Разъясним: режиссерский этюд на заданную тему предлагается абитуриентам режиссерского факультета для того, чтобы выявить их способности к специфическому кинематографическому видению. Будущий режиссер должен сделать зримым для читателя заданный объект, в данном случае вестибюль института, населить его разнообразными лицами, отобразить динамичную жизненную картину. Шукшин не придал значения условию экзамена и перенес действие в общежитие – с его точки зрения это было естественно: вот где в полной мере задают тон ненавистные ему киты. Потом-то он возвращается в вестибюль, чтобы поприсутствовать при посрамлении китов, не выдержавших экзамен. Но главный объект для него – общежитие. Здесь и развивается действие этюда. Кит угощает абитуриентов салом, начинается общий гам. «Разговор течет непринужденно, – пишет Шукшин, – мы острим, рассказываем о себе, а выждав момент тишины, мы говорим что-то особенное, необыкновенно умное, что бы уж сразу заявить о себе. Мы называем друг друга Коленькой, Васенькой, Юрой, хотя это несколько не идет к нам». Потом киты поют под аккомпанемент гитары «Ваши пальцы пахнут ладаном», неслыханный никем из собравшихся романс Вертинского. «Мы слушали, и нас волновала песня, – комментирует Шукшин. Только всем нам было, пожалуй, странно немножко: дома мы пели „Калинушку“, читали книжки, любили степь и даже не подозревали, что жизнь может быть такой сложной, по-видимому, интересной».

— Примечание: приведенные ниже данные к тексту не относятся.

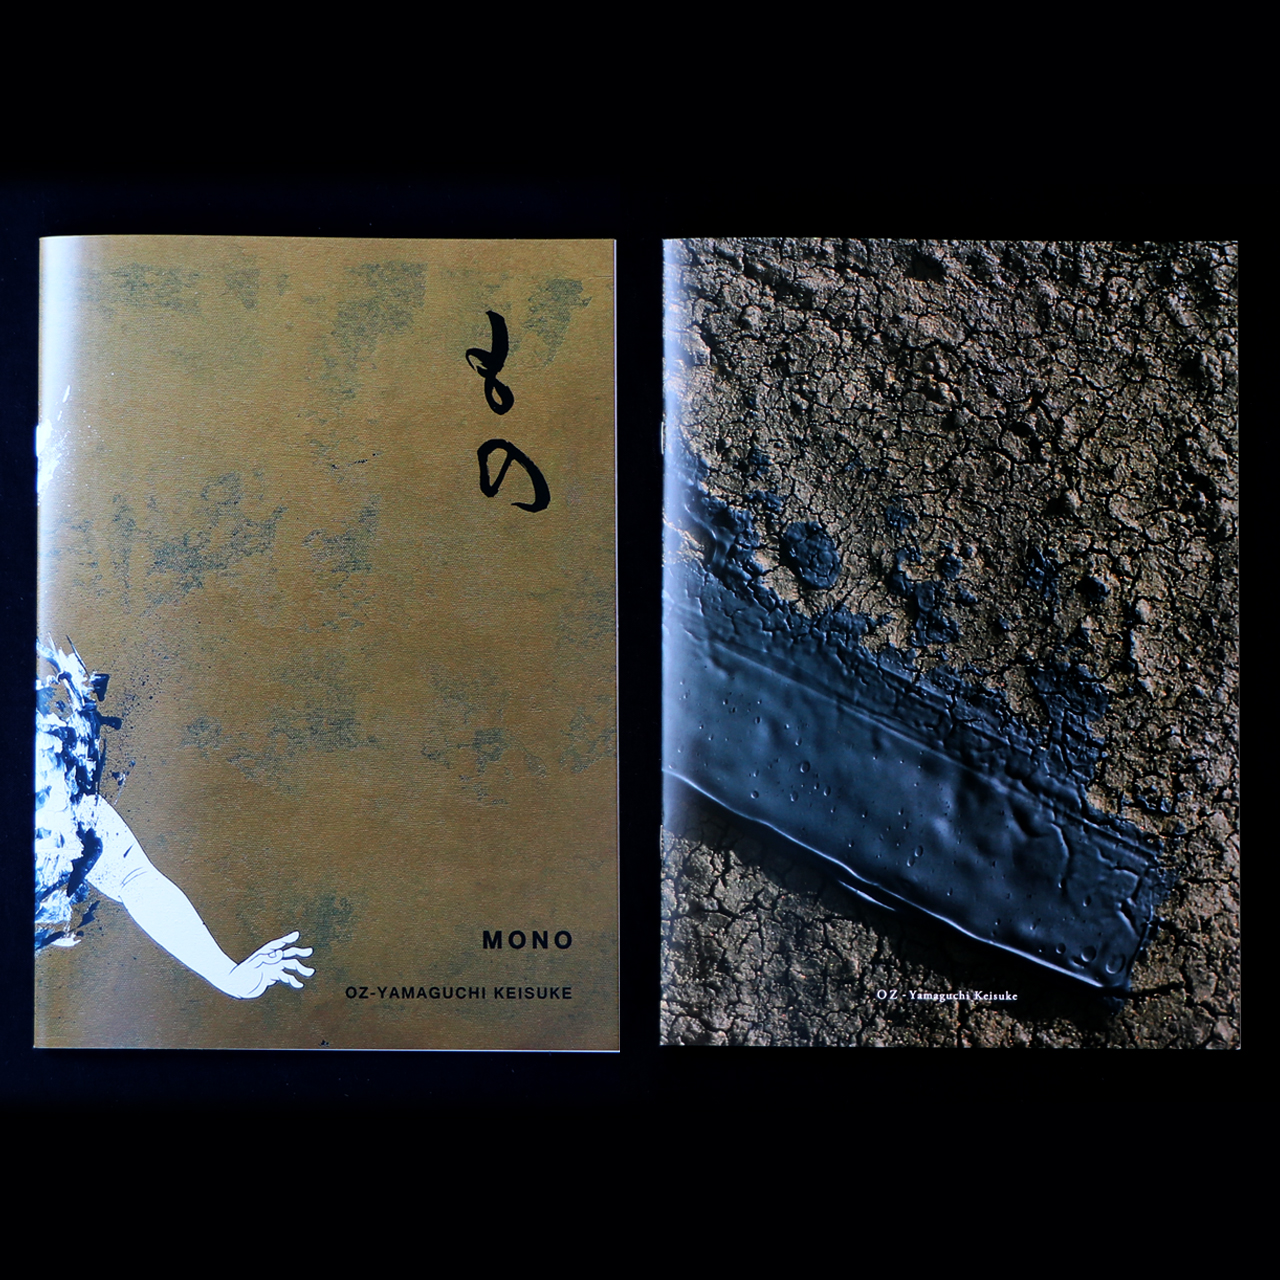 【キャンペーン5/31まで】絵画30,000円以上ご購入の方全員に、販売中のカタログ2冊プレゼント!

В этом этюде, несомненно, проявились литературные способности Шукшина. Но режиссерским видением тут и не пахнет. Все его внимание сосредоточенно на китах – остальные присутствуют только в авторском описании. Других живых лиц, участвующих в действии, не видно. О способности автора к режиссуре экзаменаторы судят не по описаниям, а по выразительным деталям, своего рода «крупным планам». Вот, например, один из абитуриентов, Александр Гордон, показывал в своем этюде, как нервный соискатель, чтобы справиться с волнением, нарочно рассыпает на подоконнике спички и потом их аккуратно собирает: это зримый кинематографический образ.
Дарование Шукшина не подсказало ему такого рода деталей. Он описал то, что видел и чувствовал, оставшись в границах чисто литературной образности…
И произошло чудо. А вероятнее всего, подтвердилось, что в приемной комиссии нашлись люди, которым очень не хотелось терять такого соискателя, взрослого, прошедшего жизненную школу человека, опять-таки кандидата в члены партии. Этюд оценивал и. о. доцента кафедры кинорежиссуры, в недалеком будущем проректор ВГИК Борис Григорьевич Иванов – опытнейший специалист и добрейшей души человек: «Написана работа не на тему. Условия не выполнены. Автор обнаруживает режиссерское дарование и заслуживает отличной оценки. Отлично».
И представьте – не ошибся Борис Григорьевич, какими бы мотивами он не руководствовался. В первом же семестре у Шукшина только отличные оценки по кинорежиссуре, мастерству киноактера, основам кинодраматургии, всеобщей истории искусств. Во втором – появляются четверки по общеобразовательным дисциплинам, но неизменно, на протяжении всех семестров – отлично по кинорежиссуре и актерскому мастерству.
Его, конечно, сразу же выбрали старостой курса, а позднее, секретарем комсомольской организации постановочного факультета, но дальше этого «не пошел». Как бы ни убеждали его заняться всерьез общественной работой, он упорно уклонялся от этой чести – зато с величайшим рвением налегал на учебу. Он, давно уже писавший рассказы, мечтавший о Литературном институте и, можно сказать, случайно оказавшийся на режиссерском факультете ВГИК, сразу понял, какой клад ему достался и поставил себе целью докопаться до самых глубоких недр этой золотой жилы. Режиссура, о которой еще недавно он не имел никакого понятия, всецело увлекла его, а прирожденный дар лицедейства, бурно проявившийся на учебной площадке, помог обрести уверенность в своих силах. Сокурсники активно занимали его во всех учебных работах – и это помогло ему сразу же ощутить себя «внутри профессии». Пришло время снять первый этюд, сесть за монтажный стол – и он, по собственным его словам «хлебнул воздуха кино, так что в груди заболело». Великое, великое искусство!